El Port Olímpic de Barcelona ha anunciado que su comunidad de autoconsumo de energía solar entrará en funcionamiento en 2027, después de más de un año y medio de gestiones administrativas.
Esta instalación, la más grande de autoconsumo compartido de la ciudad, forma parte del plan de transformación urbana que busca convertir el área en un referente de economía azul y sostenibilidad. El proyecto se enmarca en la gestión delegada del puerto al Ayuntamiento, que ha destinado recursos para revitalizar el espacio público y reducir la huella de carbono.
Comunidad energética del Port Olímpic lista para 2027
La instalación consta de casi 400 placas fotovoltaicas distribuidas en nueve pérgolas del Balcón Gastronómico, cubriendo 3 560 m² y con una capacidad de generación de 825 000 kWh al año. El puerto utilizará solo el 25 % de esa energía; el resto se destinará al Zoo de Barcelona, al cementerio del Poblenou y a siete parkings públicos situados dentro de un radio de 2 km.
Detalles del proyecto y obstáculos burocráticos
Los permisos para la comunidad energética se vieron retrasados por la complejidad de los trámites y la falta de coordinación entre la administración municipal, la Generalitat y la compañía eléctrica.

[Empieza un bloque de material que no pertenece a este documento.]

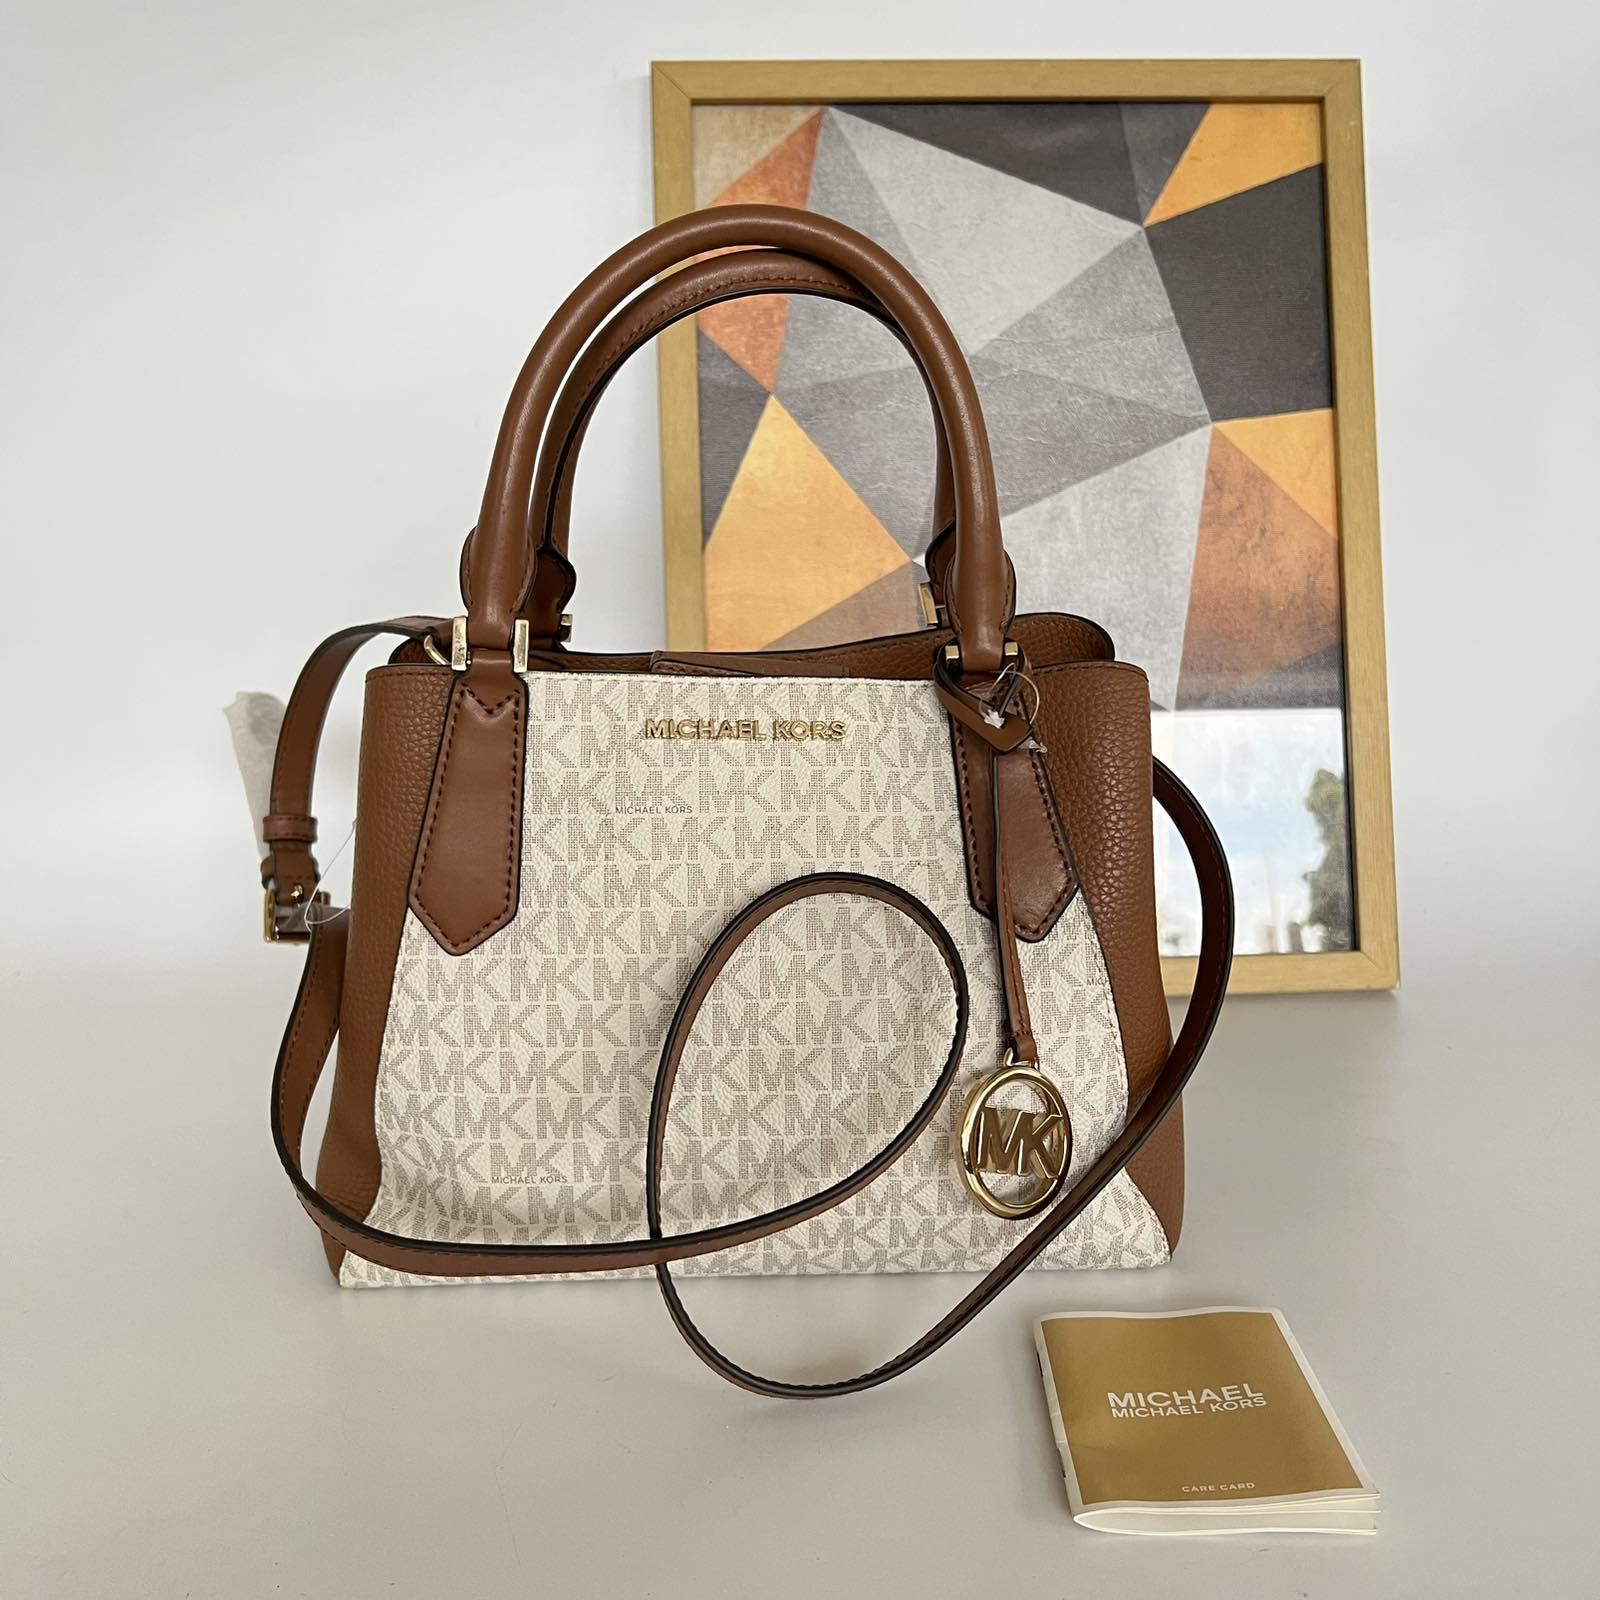 Michael Kors Kimberly Vanilla/Tan Leather Two Way Bag. With long strap &  care card ❤️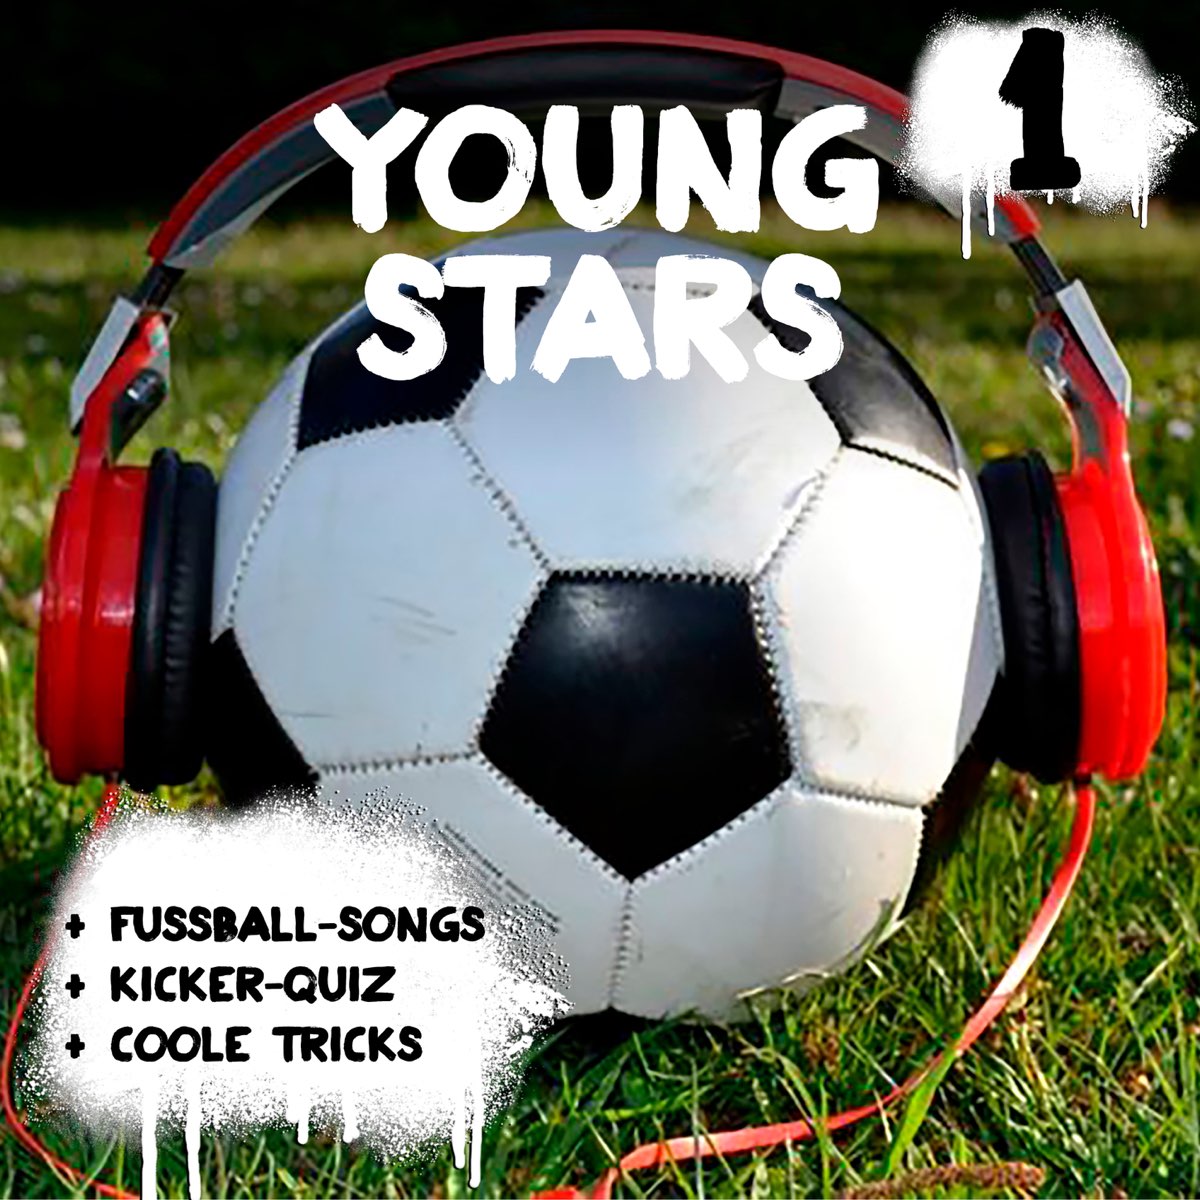 Young Stars - Fussball-Songs + Kicker-Quiz + coole Tricks 1 (Hörspiel) by  Peter Huber on Apple Music

La normativa permite compartir la energía en un radio de 2 km, pero la distribuidora ha tardado en emitir el visto bueno, generando incertidumbre en el calendario. Según la directora del puerto, Olga Cerezo, "la burocracia ha puesto trabas importantes a la puesta en marcha". Expertos señalan que casos similares en Horta‑Guinardó, la Bordeta, Bon Pastor y Poblenou también tardaron más de un año en recibir la autorización final.